That Frigid Fargin Witch (The Legend of Vanx Malic) (5 page)

BOOK: That Frigid Fargin Witch (The Legend of Vanx Malic)
9.4Mb size Format: txt, pdf, ePub
ads

The Hoar Witch had gleefully assured her that her champion was fleeing, and who could blame him after she had called him blindly into a trap?

Worse than all of that, all of the Hoar Witch’s vile creatures were already bearing down on the Heart Tree. The guard would fight and die honorably, which would be better than withering away after the Heart Tree was infected. If she called them off and let the Hoar Witch have what she wanted, her people would die anyway, just more slowly and painfully.

Something one of her mentors had taught her came to her: it is always better to die fighting evil, than to submit to it. As long as you are fighting for good, there is always the possibility that other chances will present themselves. Once you submit you have given up all of those other possibilities.

“No?”

The wrinkle-faced Hoar Witch poked a dirty, yellowed fingernail sharply into one of the pixie queen’s eye sockets and withdrew it. In one of the many mirrors set about the frigid room, Corydalis saw her once brilliant lavender orb cloud scarlet and a bloody tear streak down the side of her face. Her convulsions had lessened into a steady tremble, accompanied by the occasional twitch of limb. The pain had long since fled.

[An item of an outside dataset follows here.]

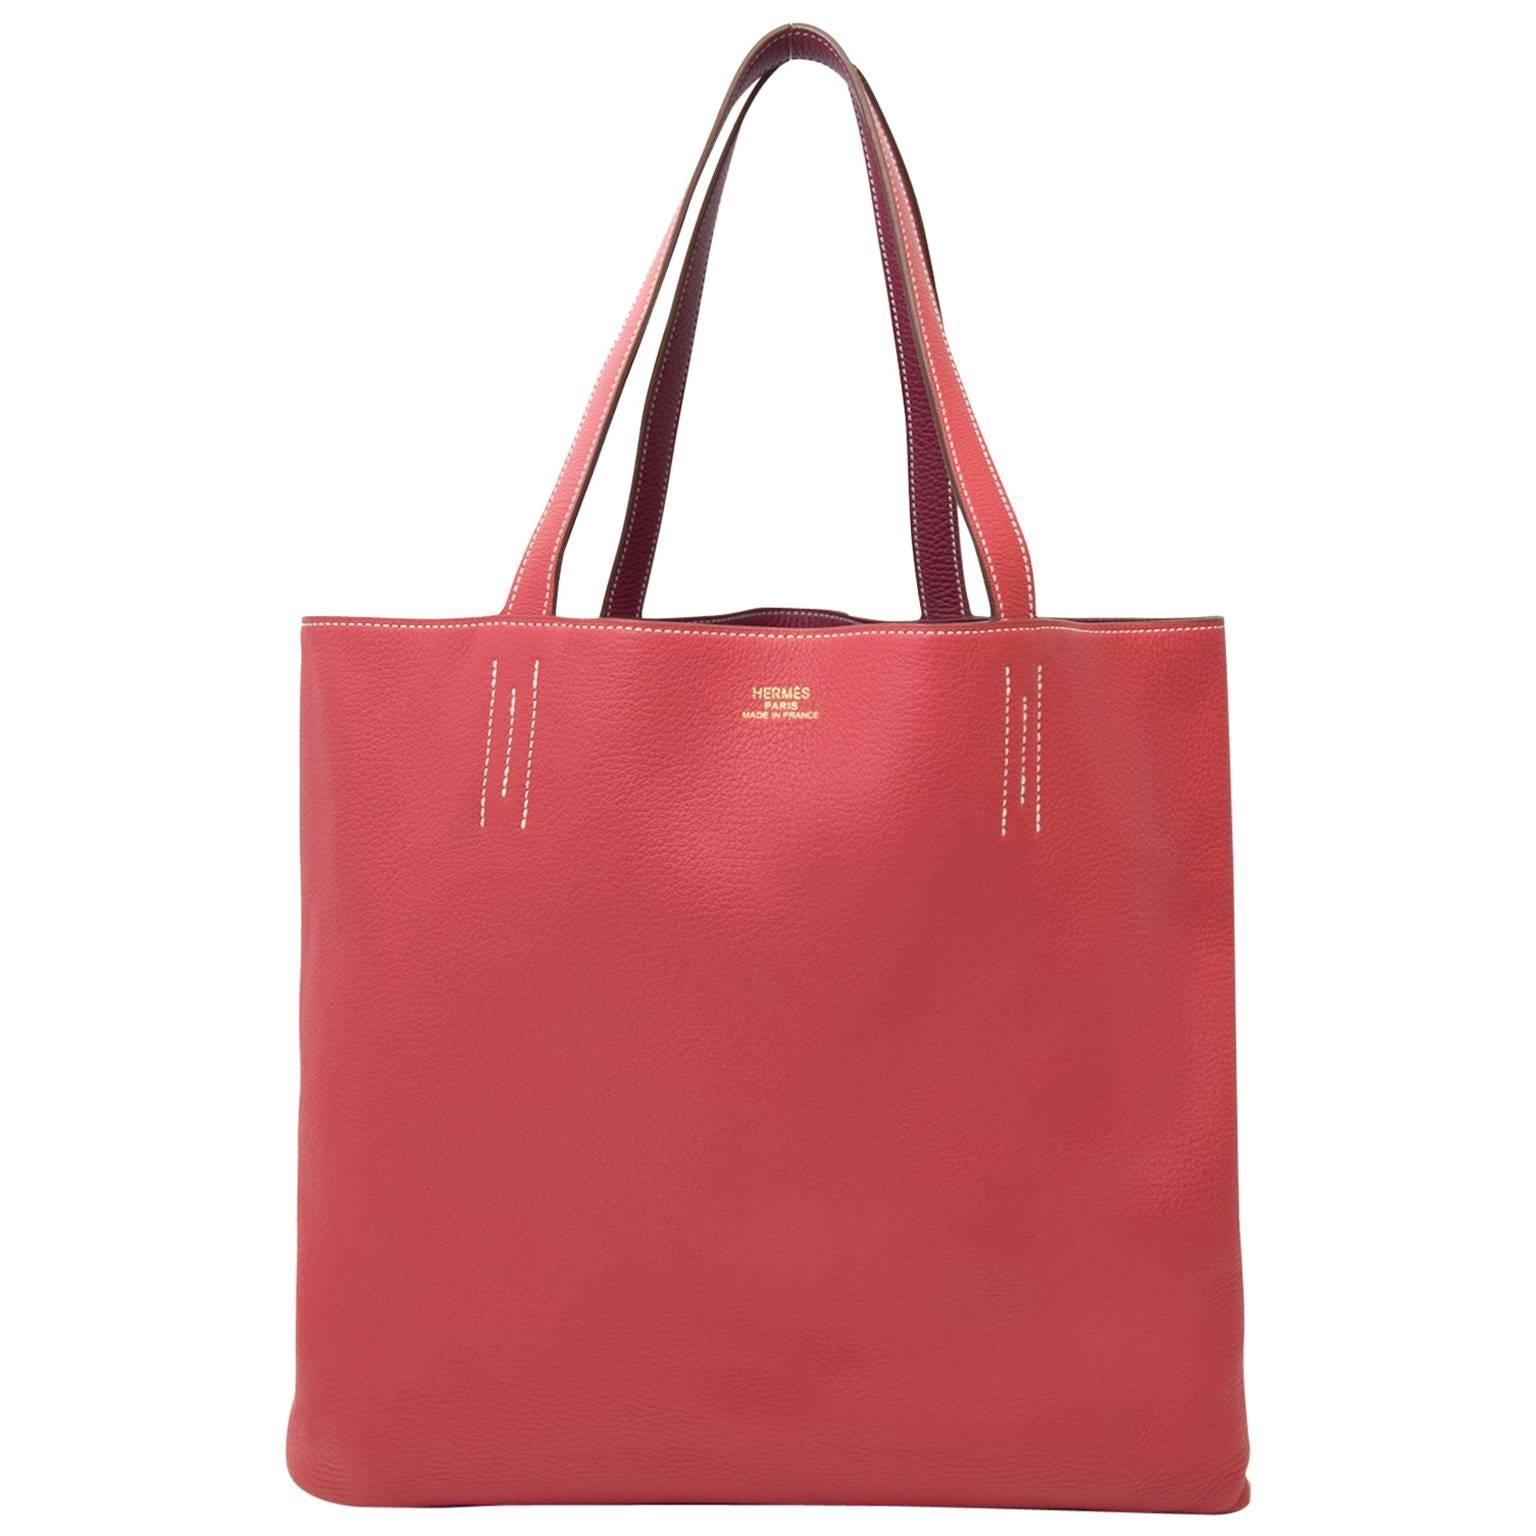 2a3ed18d4482 Hermès Birkin 35 cm Candy Veau Epsom Rose Tyrien + receipt at 1stdibs
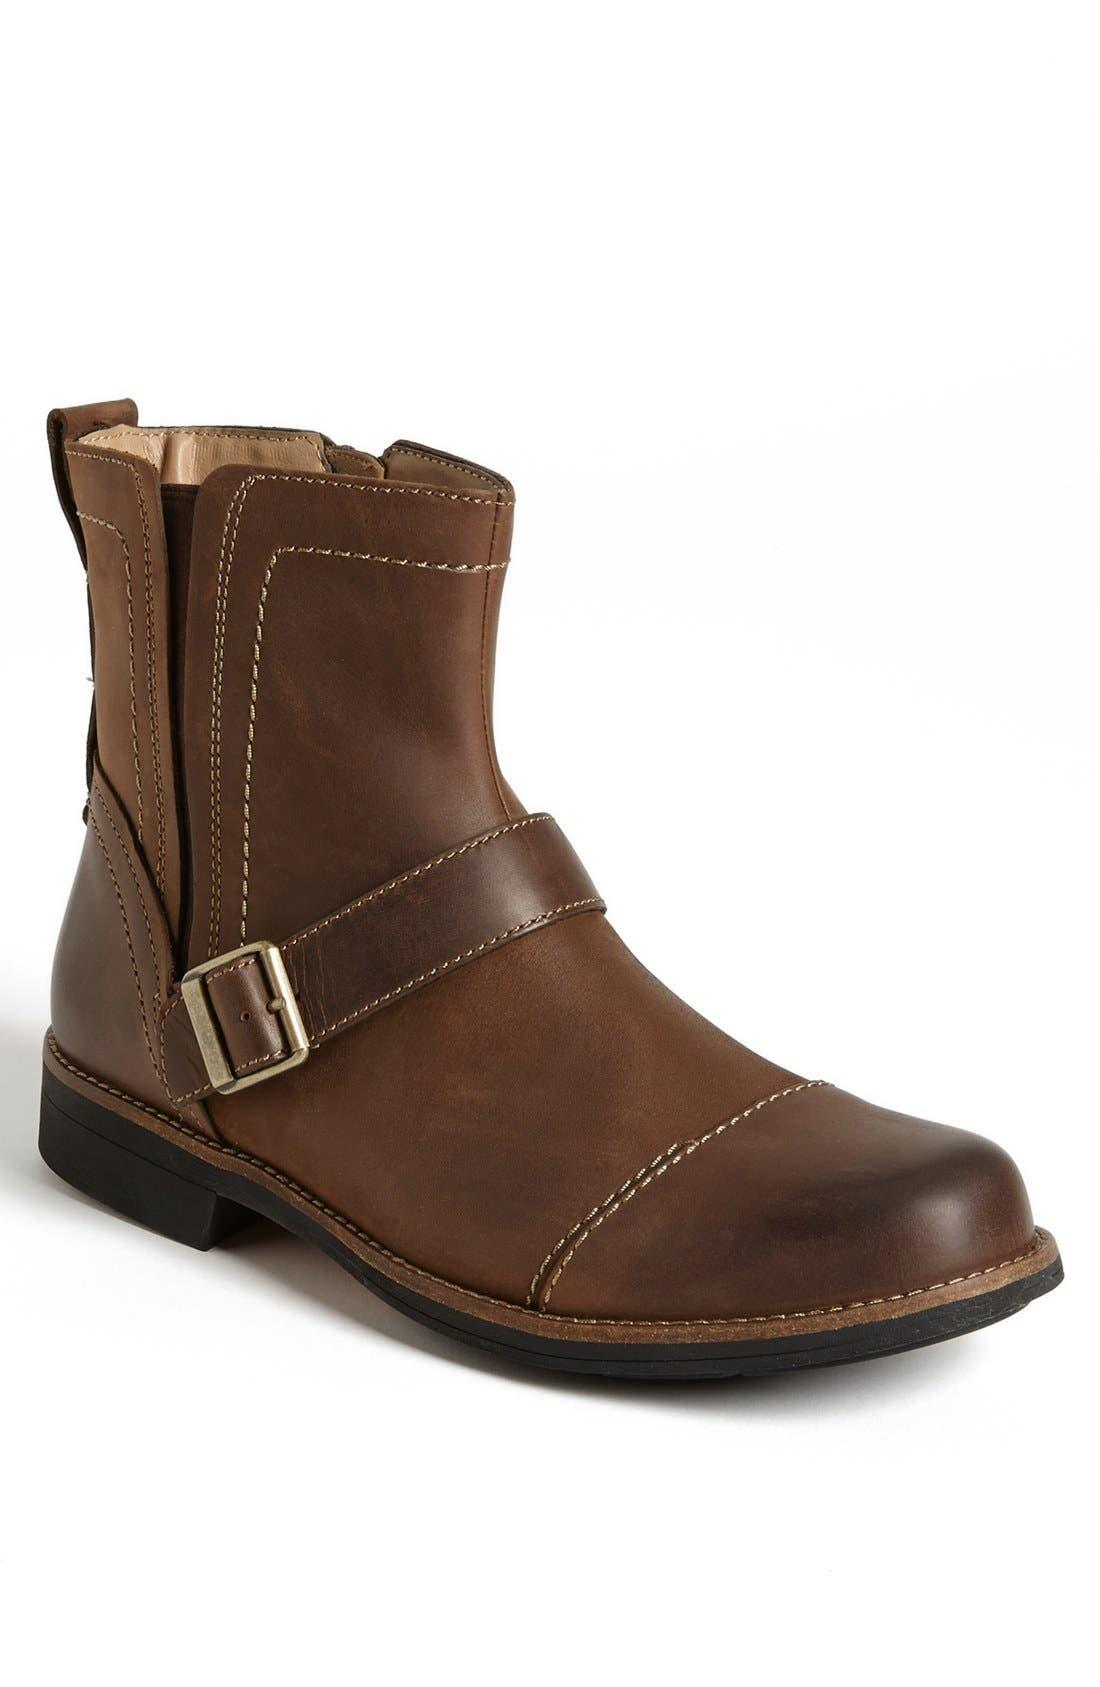 Main Image - Clarks® 'Meldon Strap' Zip Boot

“They are dying horribly, you know,” taunted the Hoar Witch. “Vrooch and his pack mates toss their little bodies about for hours, to soften them up, before they devour them. They play tug-of-war with the gnomes and the sprites. Well let’s just say they are rather entertaining, once you pull off those spindly little legs.”

“You are horrible!” Queen Corydalis managed. Bloody spittle sprayed from her mouth and ran down her face and she forced the words out of her broken jaw. “Rotten to the root.”

SMACK! A sharp slap resounded. “Look, wretch,” the Hoar Witch hissed. “I’ll show you your pathetic defenders.” She snatched up a hand mirror from a folding table laden with the potions, powders and devices she used most frequently on the altar of pain.

The Hoar Witch held the mirror out for the pixie queen and put her other hand to the crystal shard hanging at her neck.

In the mirror Queen Corydalis saw a haggard elven woman wearing a battered suit of lacquered yellow plate armor. She was fending off a skunk-striped wolfish beast, easily three times her size, with naught but a broken spear. No sound accompanied the image, but the scene was portrayed clearly and vividly.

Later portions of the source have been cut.